Tidak sekalipun kulewatkan malam tanpanya. Meski ia cukup kunikmati melalui pigura yang bahkan rubuh tanpa sandaran di sisinya. Awalnya aku sekedar berusaha mengosongkan diri, menyisakan satu ruang istimewa yang kusediakan hanya untuknya. Aku belum rela meninggalkannya. Walau ia harus terhanyut dalam takdir yang menggiringnya meninggalkanku. Aku pasrah. Tapi untuk sesaat saja. Selebihnya aku memaksakan diri. Dan akhirnya sampailah aku pada ketidakbiasaan itu.

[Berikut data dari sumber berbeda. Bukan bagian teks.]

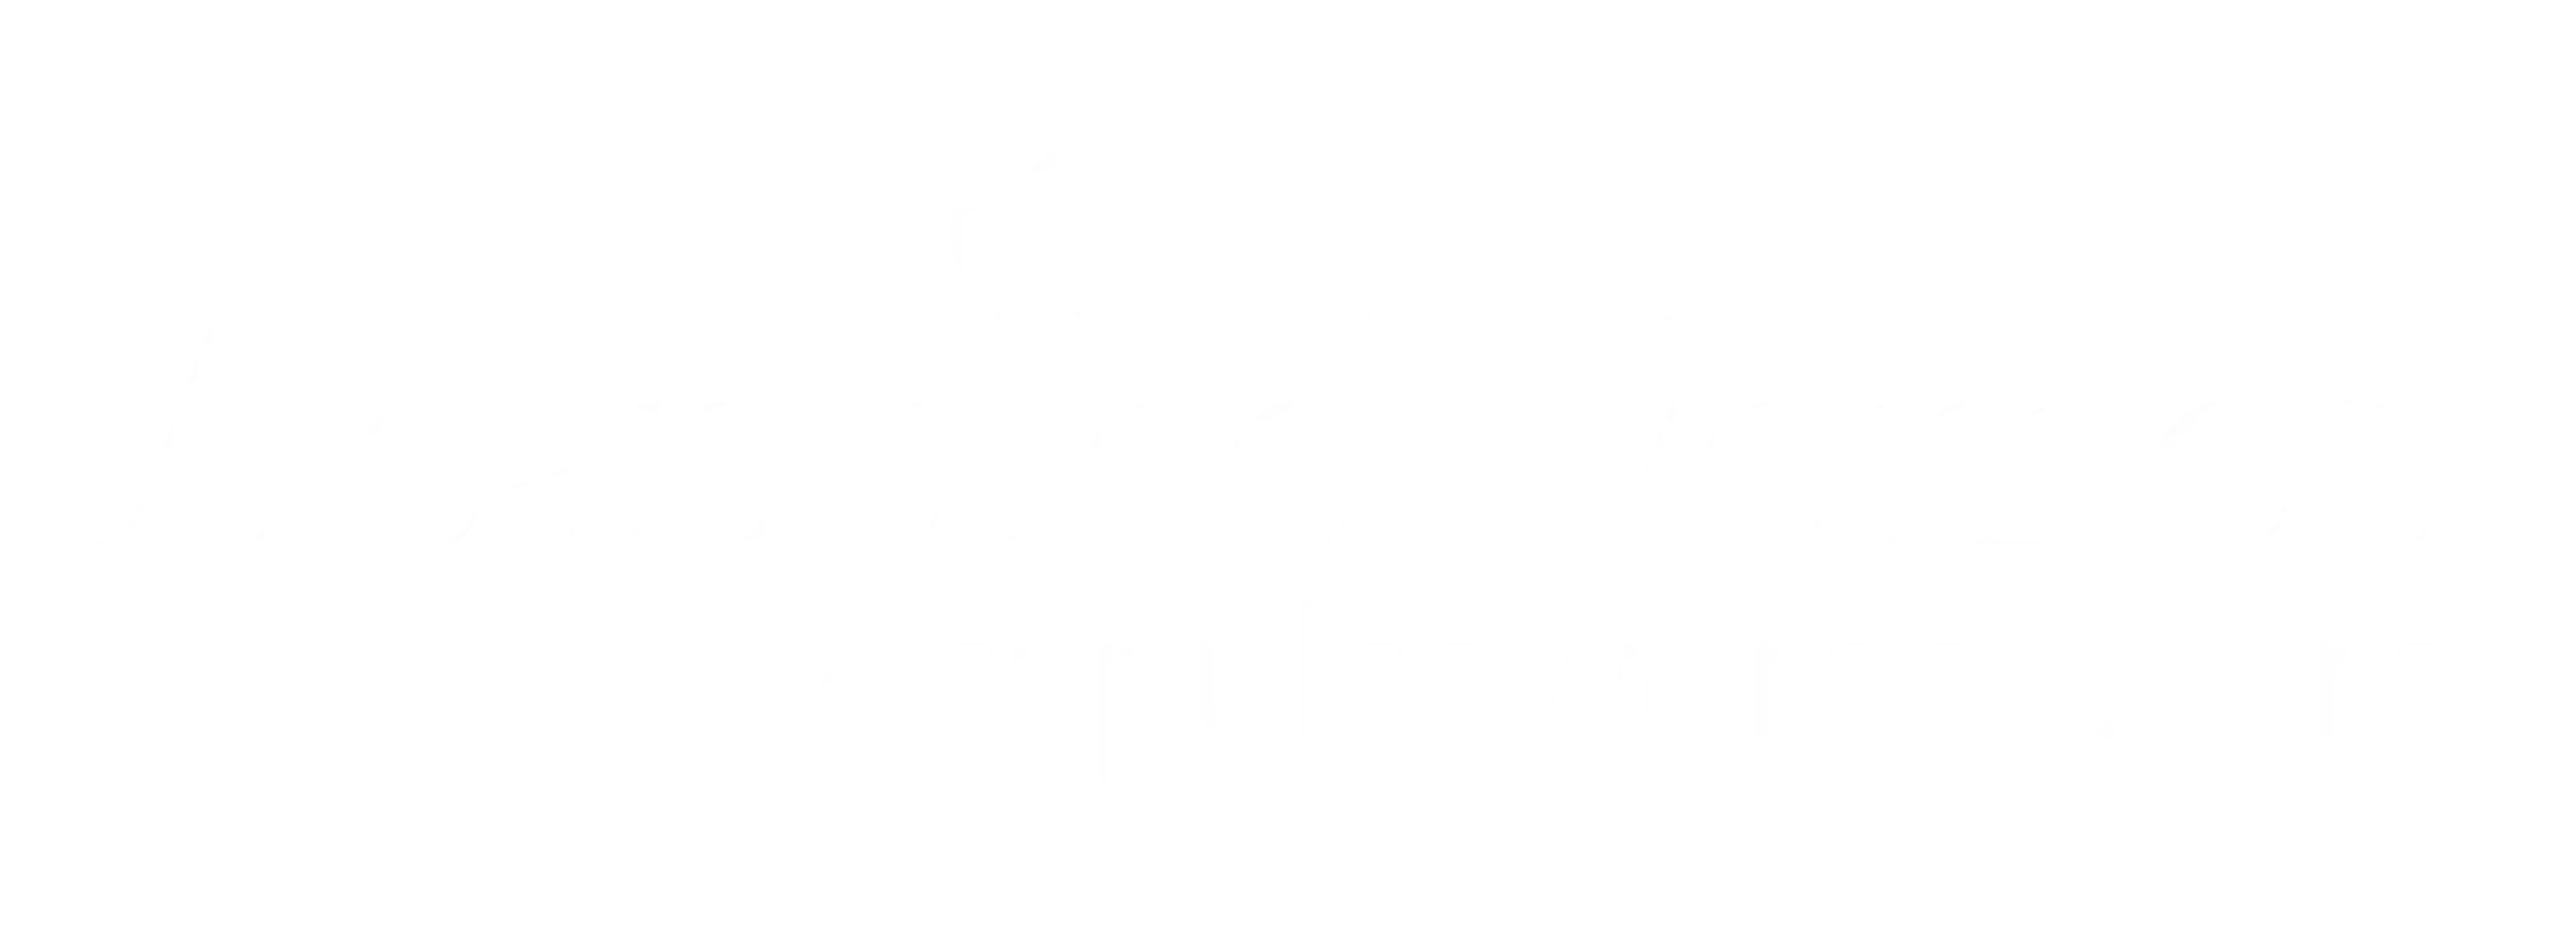 Acapulco Women logo white version

Kutelusuri alur teka-teki pikiran yang membawaku pada Ayu. Kularungkan diri bersamanya. Namun ketika setengah jalan telah kuarungi dalam kedamaian menatapnya, aku merasa didepak tanpa dugaan. Saat reruntuhan puing-puing cairan pembasuh bumi yang tak tanggung-tanggung ciptakan kegaduhan di atas genteng mulai berhamburan. Keterkejutanku menyeruak bersamaan dengan nyanyian hujan. Maka saat itulah aku tersadar. Tatapanku pada Ayu mendadak berhenti. Sekelebat masa lalu semu melintas di hadapanku.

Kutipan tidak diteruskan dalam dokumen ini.